Yep...me too. Hodgdon themselves. As for the discrepancies shown from Hornady and other manuals and the big differences between start and max loads between some manuals, it's clear that powder testing is not a perfect science. Otherwise every manual's recipe would be exactly the same. This is not any different than other powders and the discrepancies shown between manuals on them, nor is it any different than the discrepancies shown in manuals between W231 and HP38, which Hodgdon has also told me, are the exact same powders.
 
This is not any different than other powders and the discrepancies shown between manuals

Except for the page shown in post 16 where they used the same case, primer, firearm, dimensions etc and still would up with 1.9 grains different powder charges between "the same" powder and both reached 1500 fps.

It's not like they used a 4" revolver vs a 14" contender or some other large variable.
 
Except for the page shown in post 16 where they used the same case, primer, firearm, dimensions etc and still would up with 1.9 grains different powder charges between "the same" powder and both reached 1500 fps.

It's not like they used a 4" revolver vs a 14" contender or some other large variable.


This is what I meant about load testing not being an exact science. If it was exact, there would not be any discrepancies. Even tho manuals are reprinted and updated regularly, I doubt that all loads are retested beforehand. Some manuals like Lee don't even test their published loads, only reprinting what others have done. Then there is the difference from lot #s, difference in ambient temps and humidity, etc. Again, the difference in published loads between H110 and W296 in the same manual is not any more than those differences between just H110 between different load manuals.
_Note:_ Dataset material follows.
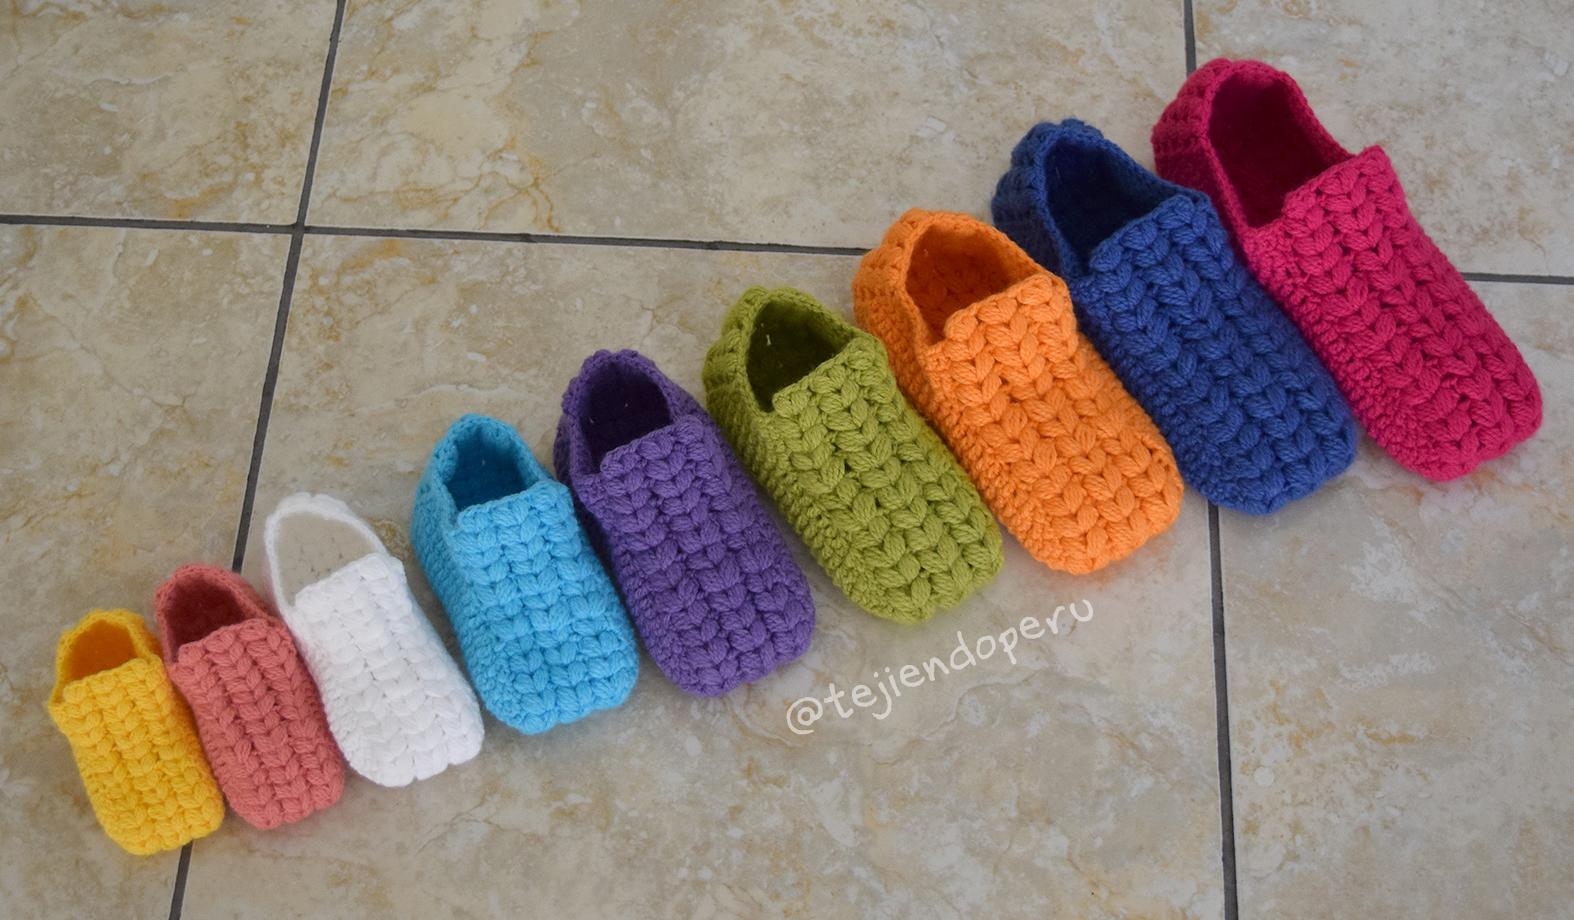 f6fb7ccc0 Zapatos o pantuflas con trenzas gorditas - Tejiendo Perú

This variance(especially between H110/W296) has been discussed regularly here and on every other gun/reloading forum for years. It is not a new phenomenon, and yet, even tho Hodgdon themselves claims the two are the exact same powder, there are those folks that try and use those variances as some kind of proof they are not.
 
there are those folks that try and use those variances as some kind of proof they are not

I was thinking it was some kind of proof that the contents of some reloading manuals, we are supposed to follow, contain questionable information.

Per the example in the OP, if someone came in here and said:
"My manual lists a max charge of 29.2 of W296 and I have worked my way up to that charge, now I am going to keep on going until I get to 2.3 grains over the max load, what do you think?"

Most would advise against but not the book above, as H110 and W296 are the same powder.